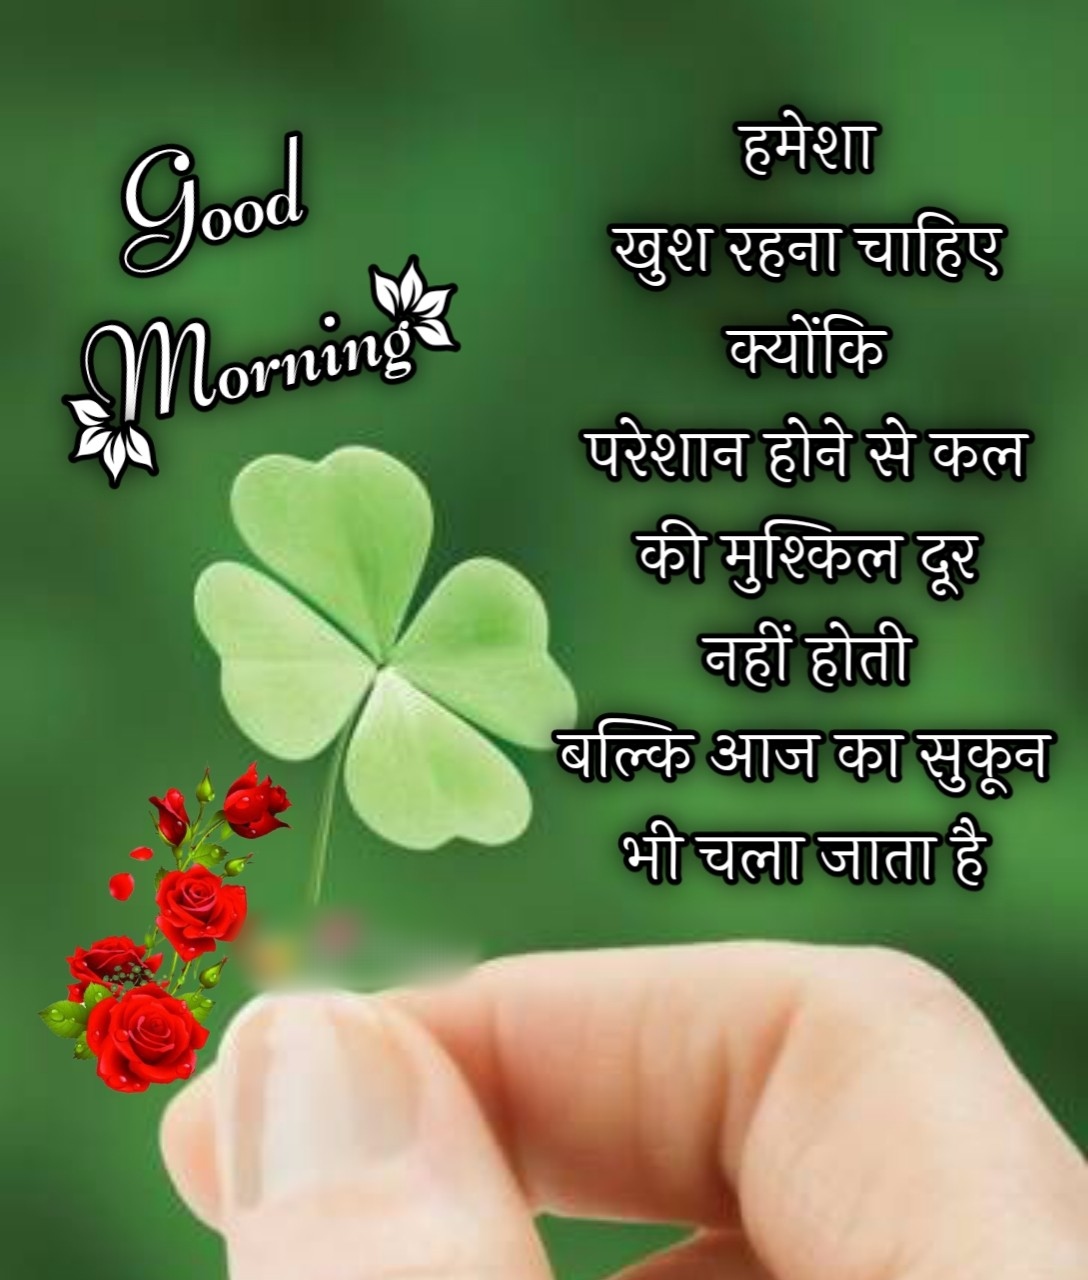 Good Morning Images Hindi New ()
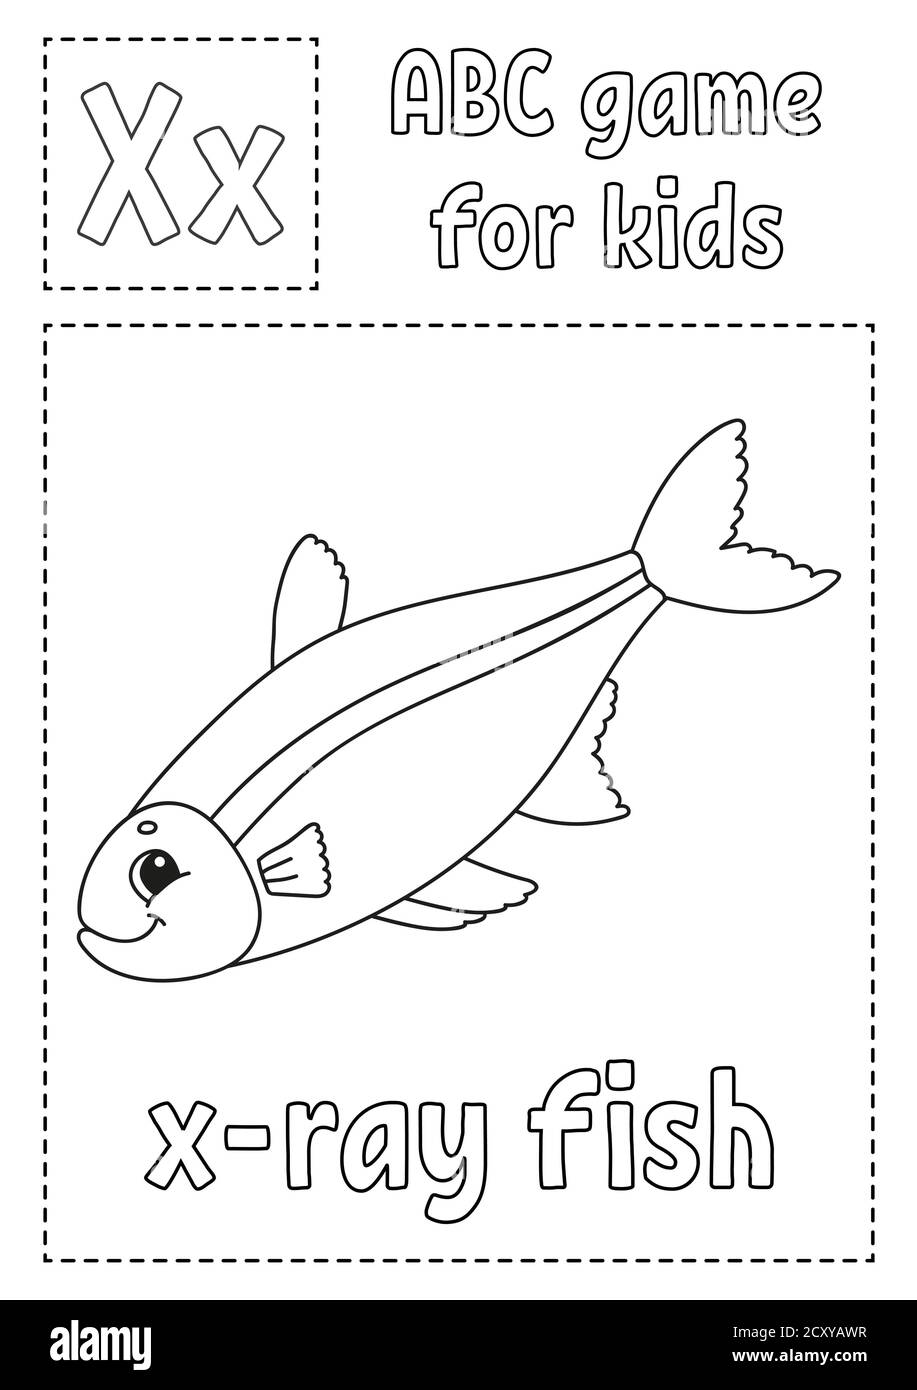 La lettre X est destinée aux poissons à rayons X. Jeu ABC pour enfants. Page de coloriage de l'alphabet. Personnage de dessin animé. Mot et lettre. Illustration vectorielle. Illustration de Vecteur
------------------------------------------------------------------------
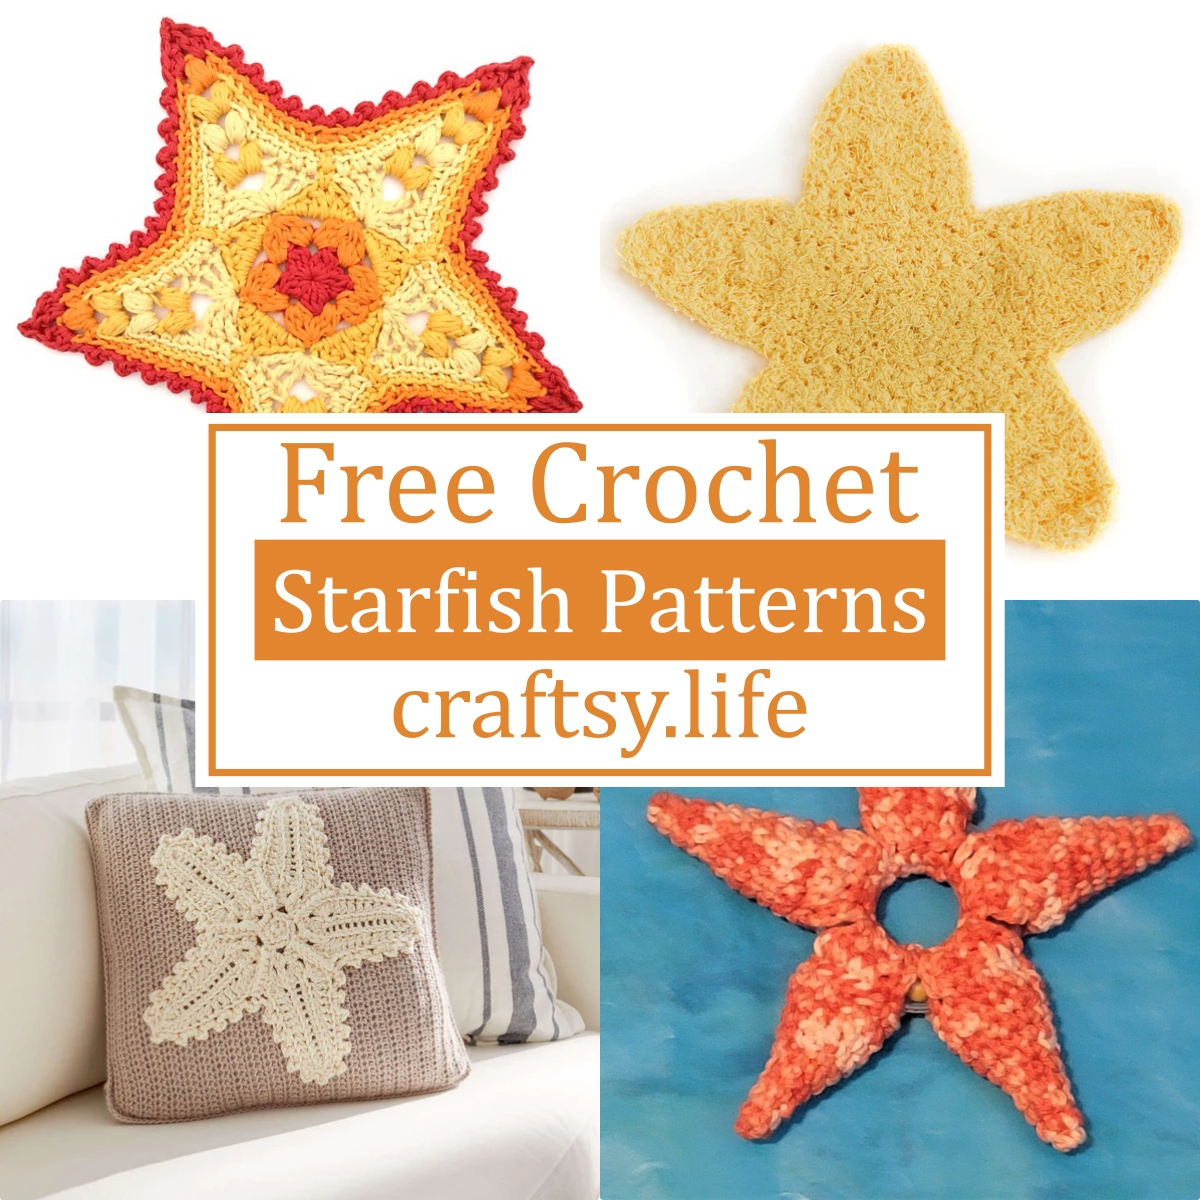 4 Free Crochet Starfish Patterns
------------------------------------------------------------------------
Give exactly the lines above that run from the line with "Good Morning Images Hindi New ()" to the line with "La lettre X", both included, leaving every picture out.

 Good Morning Images Hindi New ()
 La lettre X est destinée aux poissons à rayons X. Jeu ABC pour enfants. Page de coloriage de l'alphabet. Personnage de dessin animé. Mot et lettre. Illustration vectorielle. Illustration de Vecteur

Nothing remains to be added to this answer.